Windows 8 developers: Silverlight/.NET/XAML are M.I.A., M.I.A., M.I.A.

Steve Ballmer (Der Tommy @ Picasaweb)
By Richi Jennings (@richi) - June 7, 2011.

Microsoft (MSFT) continues to dodge the question of whether its  third-party developers (developers, developers) will be able to use XAML, .NET, and Silverlight. Sure, they can write classic Windows apps, but what about the "modern" or "Jupiter" Windows 8 tiled apps? Tumbleweed, tumbleweed, tumbleweed. In IT Blogwatch, bloggers blog, blog, blog.

Your humble blogwatcher curated these bloggy bits for your entertainment. Not to mention: The Matter of the Monster -- new interactive fiction, by Andrew "Zarf" Plotkin...

Joab Jackson reports widespread concern among developers:

Third-party Microsoft Windows developers are expressing frustration over ... a lack of clear direction on how to develop ... for Windows 8. ... In various demonstrations last week, the company said little about ... its other widely used Windows development platforms, Silverlight and .Net.

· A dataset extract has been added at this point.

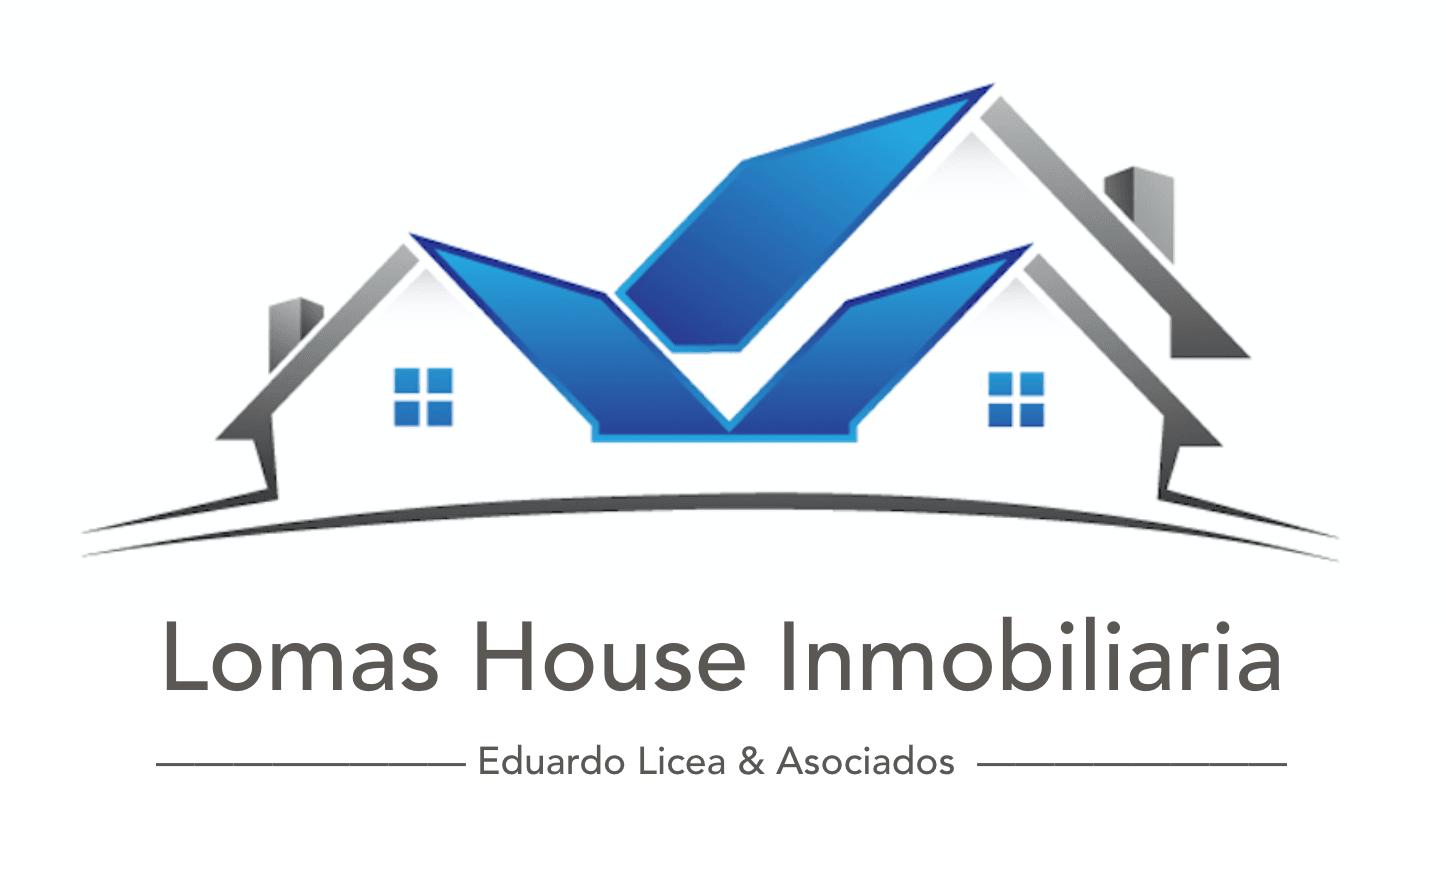 Logo de  Lomashouseinmobiliaria

Julie Larson-Green, Microsoft's corporate vice president of the Windows experience ... showed off a weather application. ... "This application was written in our new development platform, based on HTML5 and JavaScript. ... People can write new applications ... using the things they are already doing on the Internet."

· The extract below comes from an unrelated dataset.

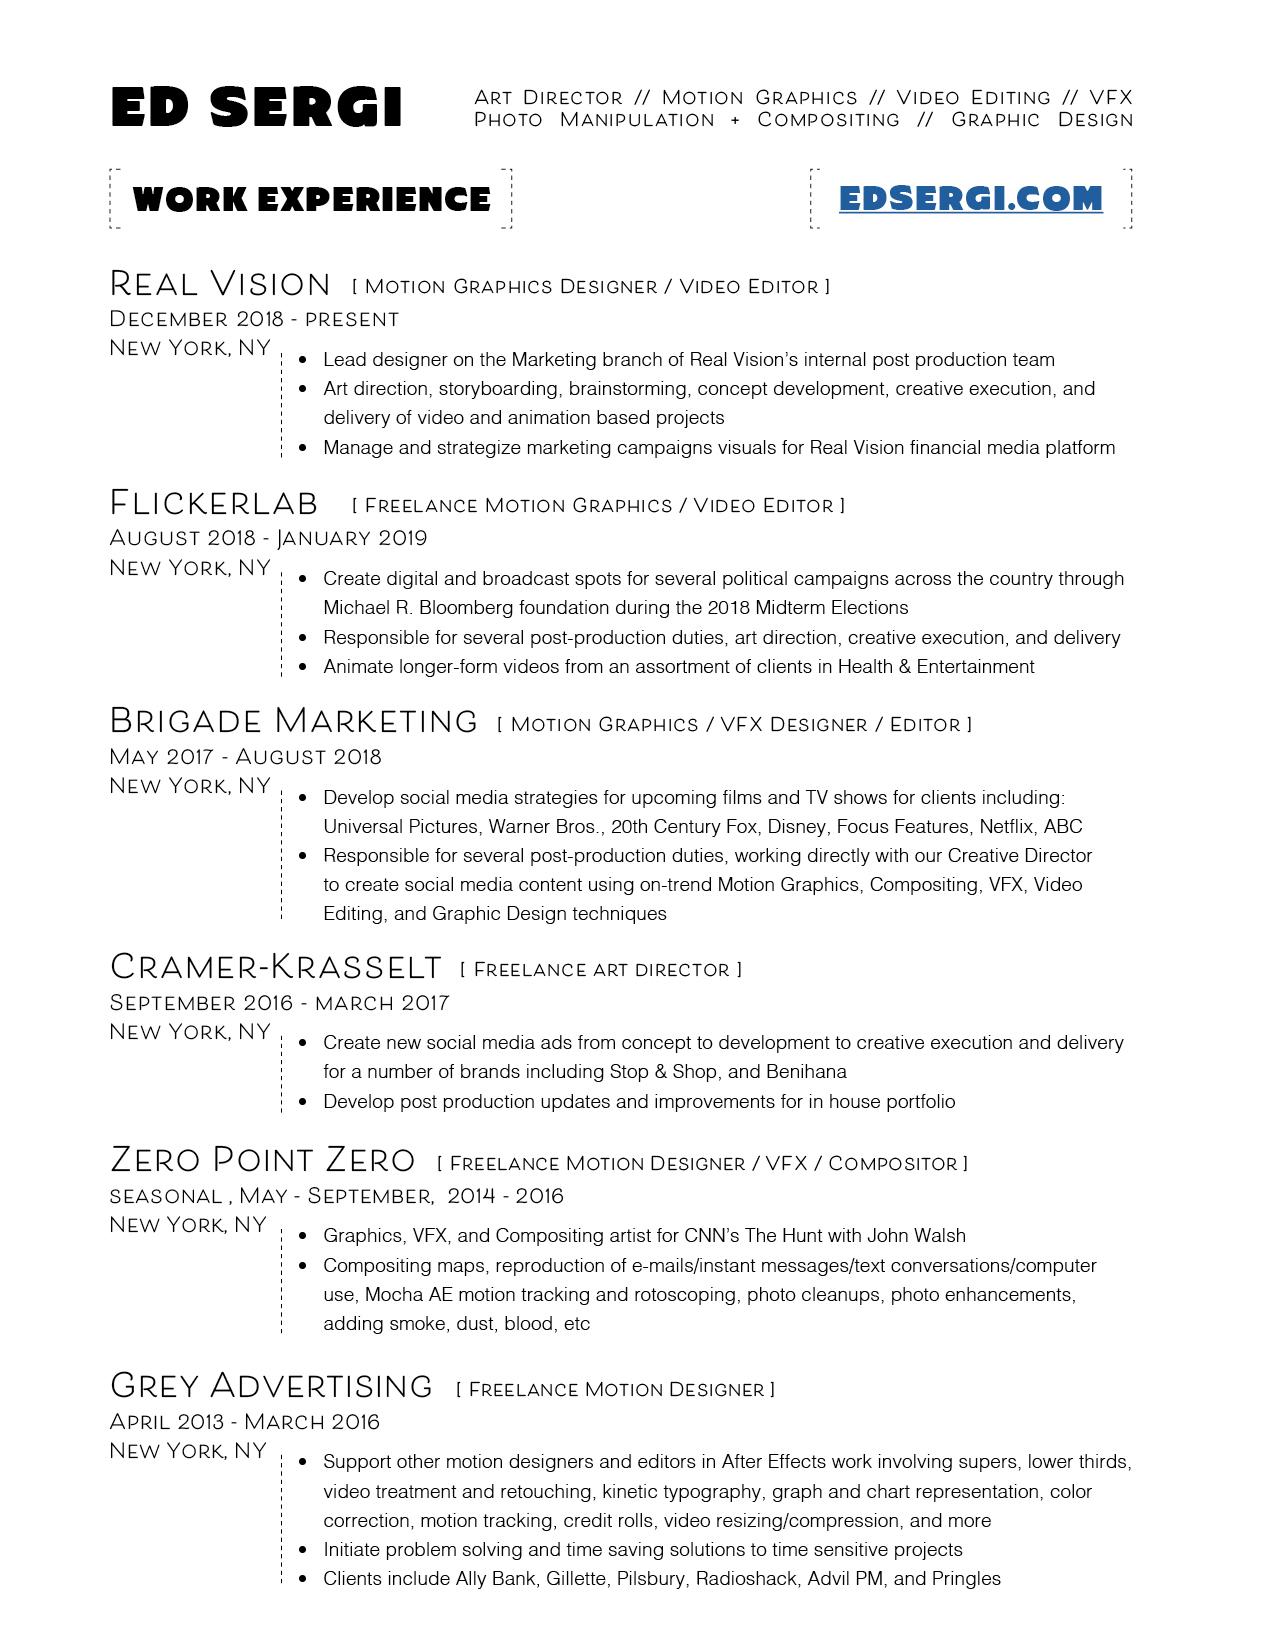 Resume — Ed Sergi

Jensen Harris, director of program management for the Windows User Experience ... alluded to a "new platform based on standard Web technologies, HTML5 and Javascript.".  

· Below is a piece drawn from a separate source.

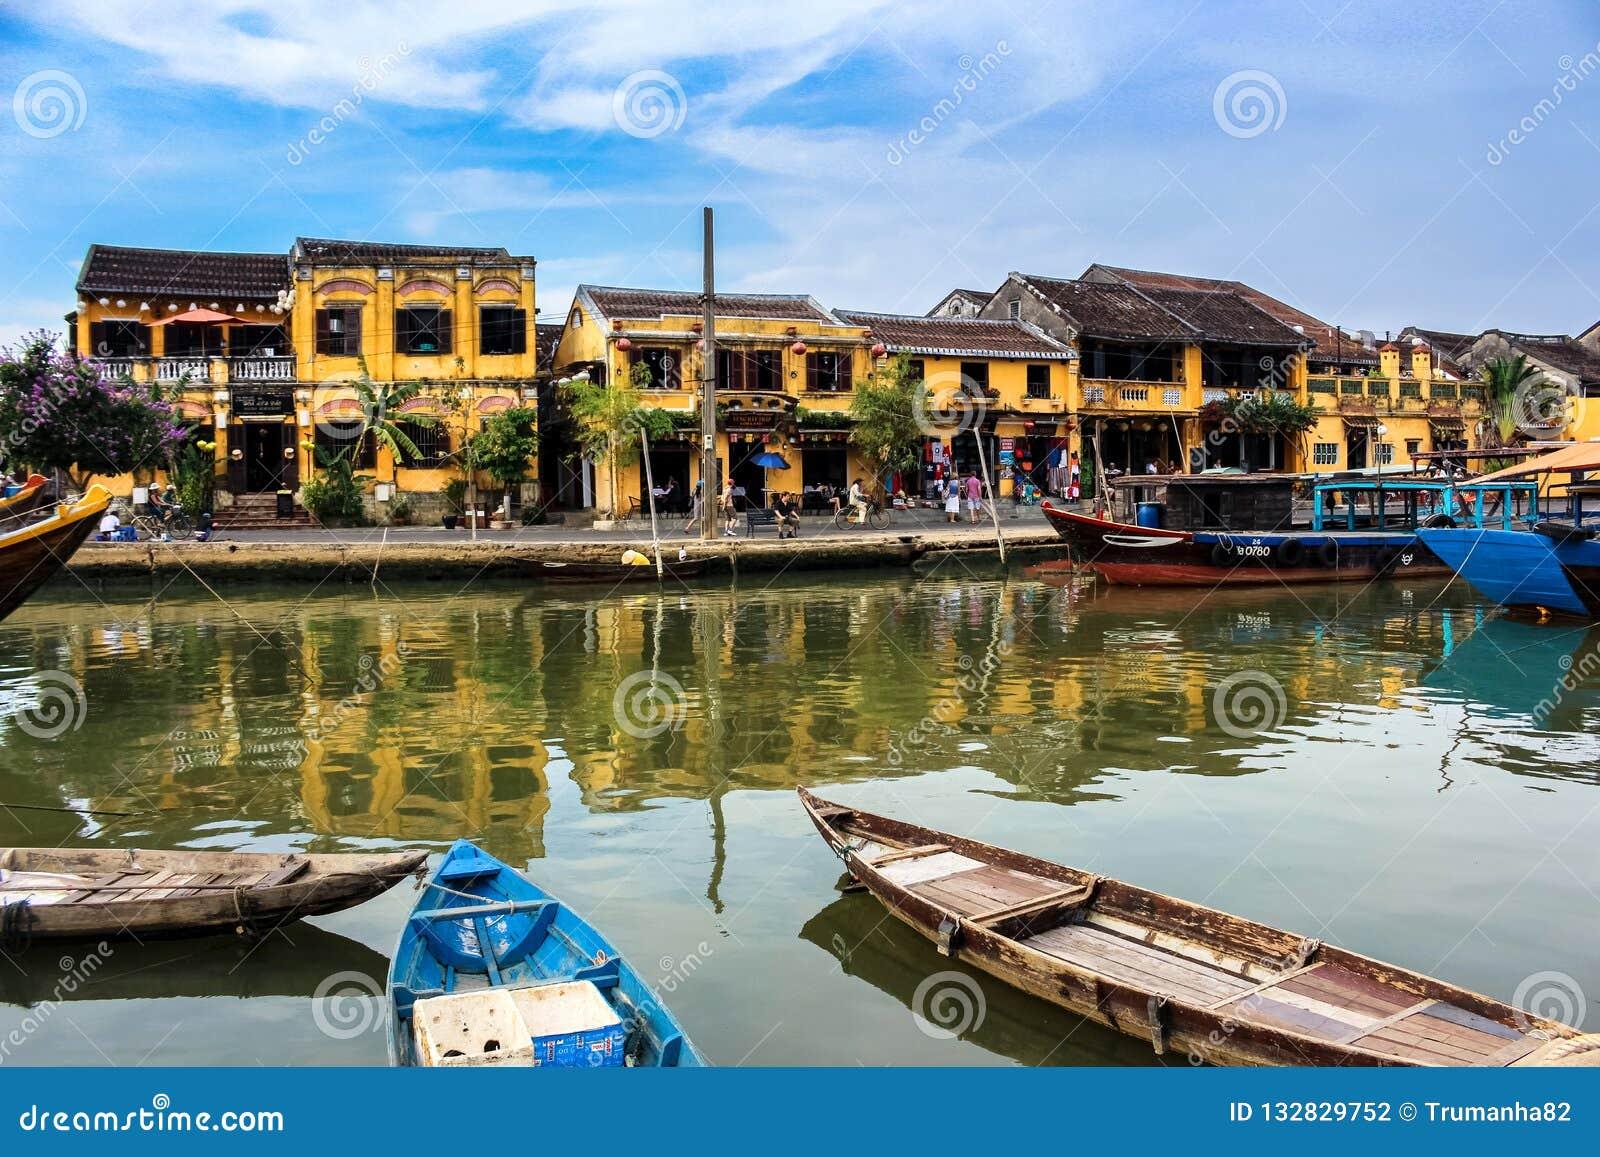 Sereniteten av Hoi An Ancient Town i centrala Vietnam

  Your humble blogwatcher takes Input, which creates this Output:

How will you port custom enterprise apps to your shiny new tablets ... once they emerge, stumbling and blinking into the sunlight? ... Microsoft's been silent on the programming model for Windows 8 .... but now Microsoft is finally opening the kimono a little.


Now Microsoft's talking about HTML5 and JavaScript. .... Modern, rich Web technologies are apparently going to be the blessed way to write apps. ... Cue much confusion ... [which] started late last year, when Bob Muglia appeared to de-emphasize Silverlight.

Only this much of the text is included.